Las cosas como son

Síntomas y destino

Compartir

Cuando hablamos de repetir en nuestra vida el destino de alguno de nuestros ancestros, con cierta facilidad podemos reconocer actitudes, elecciones, ideas o conductas que nos confirman lo señalado. Sin embargo, esa inmediatez, de la cual muchas de las veces nos sentimos orgullosos, constituye una adaptación por completo normalizada que ya parece inofensiva.

Lo amenazante comienza cuando nos damos cuenta de alguna conducta o tendencia, pensamiento o decisión, que nos coloca al borde de una situación complicada sino es que en el centro de un enredo. Por ejemplo, en nuestra familia nos casamos con parejas dominantes. ¿Qué habrá pasado en nuestra historia familiar para que ahora seamos cónyuges sumisos? ¿Por quién pagamos de este modo algo que no cometimos? ¿A quién traemos al recuerdo con esa conducta?

Otro ejemplo: ¿a qué se deberá que elijamos un camino de privaciones, una vida en la que nos negamos a tomar la abundancia para no dejar de vivir pobremente? ¿Junto a quién de nuestros ancestros nos colocamos al actuar de esta forma? ¿Cuál fue el suceso que detonó esta especie de orden secreta pero de obediencia estricta? Un ejemplo más: ¿no se habrá topado con alguien que se niegue a procrear?
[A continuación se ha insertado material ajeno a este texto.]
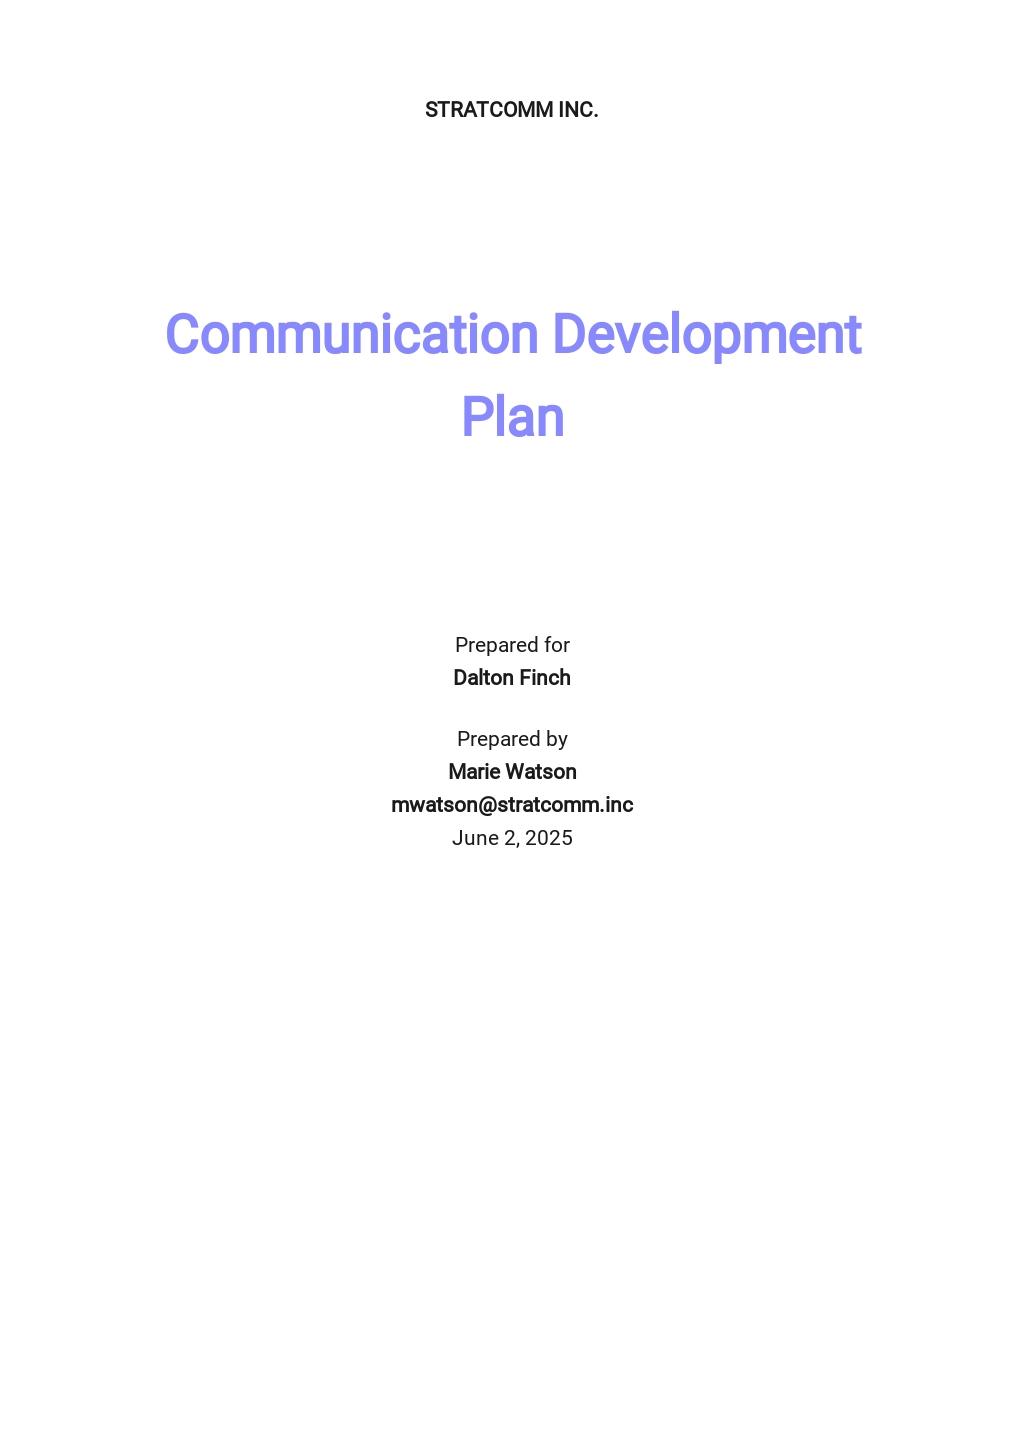 Communication Development Plan Template.jpe

Esa persona tendrá muchos argumentos, pero hay uno o varios hechos en su corazón que sólo él conoce, y que tal vez, de tan intensos, ya se niega a mirar. Por eso honra lo anterior viviendo del mismo modo la pérdida.

Estos asuntos, visibles en la consulta, nos fuerzan a lanzar la mirada atrás, pero solamente lo suficiente como para dejar en manos de su propietario ese pesar, esa ansiedad, esa confusión que ahora mismo nos asfixian. Habiendo encontrado a quien o a quienes lo generaron, debemos dar la vuelta a instalarnos en nuestro presente. ¿Parece difícil? Para uno solo, sí lo es. Por eso es necesaria la consulta. Y también un mucho de sentido común.

Este último aplica en el momento en que miramos a nuestros ancestros con la experiencia nuestra, poca o mucha, rica o pobre, dándonos cuenta de que ellos hicieron, como nosotros ahora, lo mejor que pudieron. ¿Acaso hay un padre que no intente para sus descendientes conseguir lo mejor a su alcance?

Otra de las cosas de las que nos damos cuenta es de que a pesar de la pureza de nuestras intenciones, existen limitaciones que no podemos superar, porque son más grandes que nuestros recursos. Este sentimiento lo vivieron igualmente nuestros antecesores cuando encaraban su propia vida. Y de ello se desprende la humildad cuando se asiente a las cosas o un enojo casi permanente cuando se intenta hacer (inútilmente) que las cosas ocurran de un modo distinto.

De esta manera, día con día, del contacto con nuestra parentela, se va formando nuestra manera de encarar el mundo y la vida y basta tan poco en ocasiones para marcar una huella profunda y duradera, tan sentida que llegamos a creer que siempre estuvo allí. No es cierto. Miremos qué es un bebé y cómo llega a ser semejante a sus parientes. Por un esfuerzo diario y constante, por un descuido instantáneo, por una carencia impensada, por un chiqueo frecuente, por una atención reiterada.

Entonces, puede concluirse, por lo pronto, que no hay nadie a salvo del dolor y que, en este sentido, cada persona tiene una sensibilidad acorde con su propia historia. De ahí que el respeto se vuelva esencial. Otra conclusión consiste en reconocer que a veces un solo hecho no resuelto de algún ancestro puede provocar en los descendientes varios síntomas diferentes, o a la inversa: que varias cuestiones ancestrales provoquen un solo síntoma en los pequeños.

Lo importante al final de cuentas estriba en mirar a la persona en situación de necesidad y en tratar de reconocer a quién sirve su amor manifestado como enfermedad, como impotencia, como tendencia destructiva. Procuramos, como ya se ha dicho antes, reconocer lo que es, como quiera que se presente; mirar el pasado solamente lo necesario para instalarnos libres y ligeros en el presente, para dejar libres a nuestros pequeños; miramos a nuestros ancestros con la mano en el corazón y una reverencia agradecida para pedirles que vean con buenos ojos nuestro deseo de plenitud, de vida completa; e integramos a los olvidados, a los repudiados, a los que causan miedo, garantizándoles que tienen, en principio desde nuestro corazón, su lugar en la familiar.